Mit Schriftsatz vom 10. April 2008 stellte der steuerrechtliche Vertreter des Bw den Antrag auf Entscheidung der Berufung vom 5. Dezember 2007 durch die Abgabenbehörde zweiter Instanz und führte hiezu aus:

"Mit Berufungsvorentscheidung vom 13. März 2008 hat das Finanzamt k der

Berufung vom 5. Dezember 2007 nur zum geringen Teil stattgegeben. Auftragsgemäß und in

offener Frist stelle ich hiermit den Antrag, diese Berufung der Abgabenbehörde Zweiter

Instanz vorzulegen, verbunden mit Anträgen auf Entscheidung durch den gesamten

Berufungssenat, sowie auf Durchführung einer mündlichen Berufungsverhandlung.

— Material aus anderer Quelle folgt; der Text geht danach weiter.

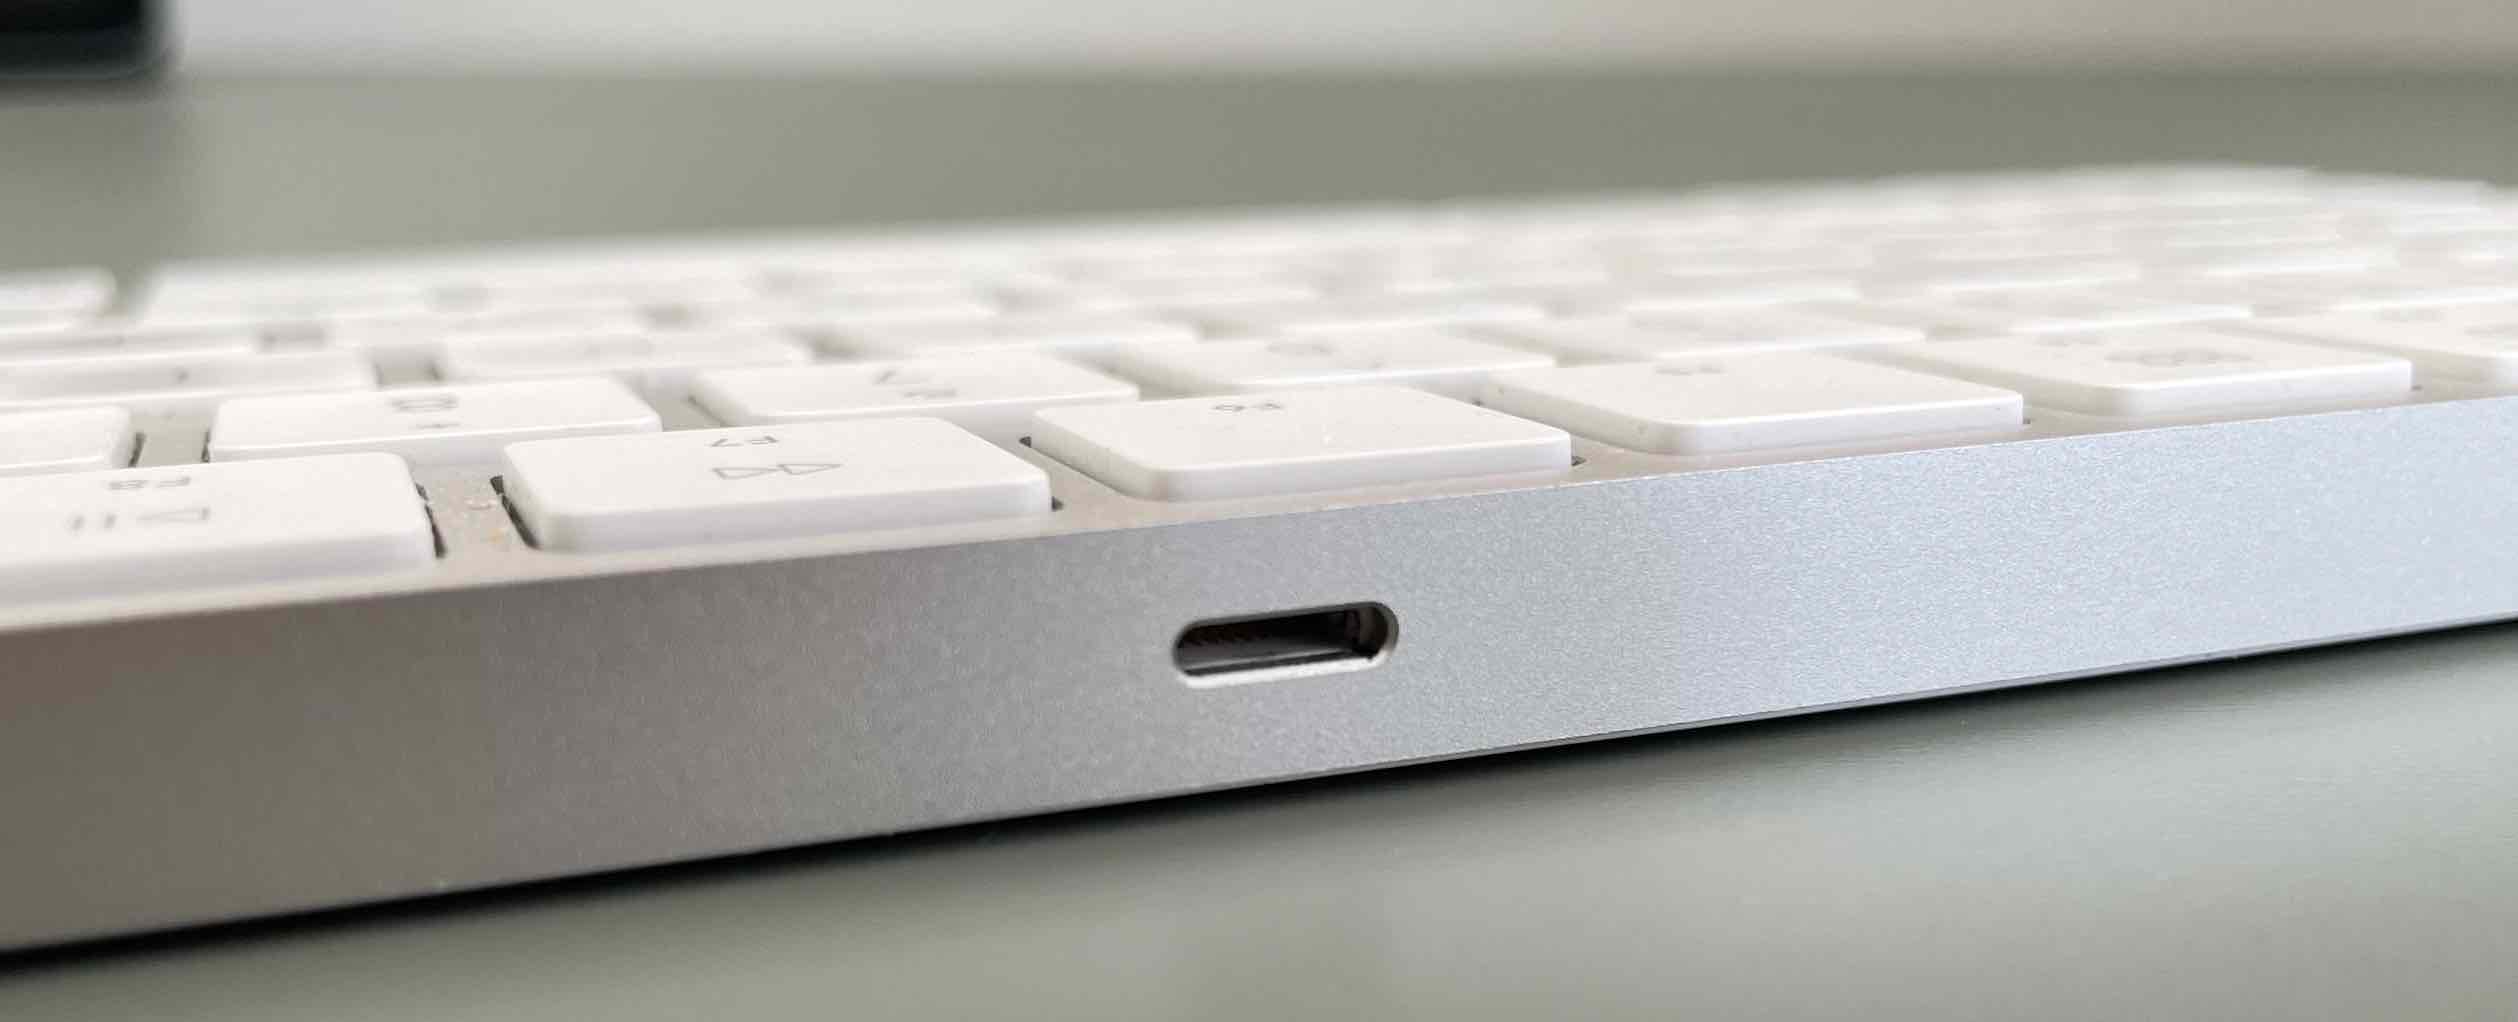 New Mac Magic Keyboard charging

In der Berufungsvorentscheidung vom 13. März 2008 geht das Finanzamt k von der

Annahme aus, dass mit Abschluss der Handelsschule die Berufsausbildung von Herrn

sc abgeschlossen worden sei. Wie in der Berufung eingehend dargestellt

wurde, ist diese Annahme jedoch unrichtig. Das von Herrn sc vor dem

Besuch der Handelsschule angestrebte Berufsziel war und ist die Tätigkeit eines

wbg. Um zur Aufnahmeprüfung in die "wds

ac" am Wirtschaftsförderungsinstitut kb zugelassen zu werden, war der

Abschluss der Handelsschule oder einer ähnlichen Schule unabdingbare Voraussetzung. Mit

dem Besuch der Handelsschule wurde daher nicht eine selbständige Berufsausbildung

angestrebt und abgeschlossen, sondern es war dies nur der erste Schritt zur Ausbildung als

wbgd. Die Fortsetzung der Berufsausbildung durch Besuch der "rb

dab" war für das im Herbst beginnende Wintersemester fest geplant.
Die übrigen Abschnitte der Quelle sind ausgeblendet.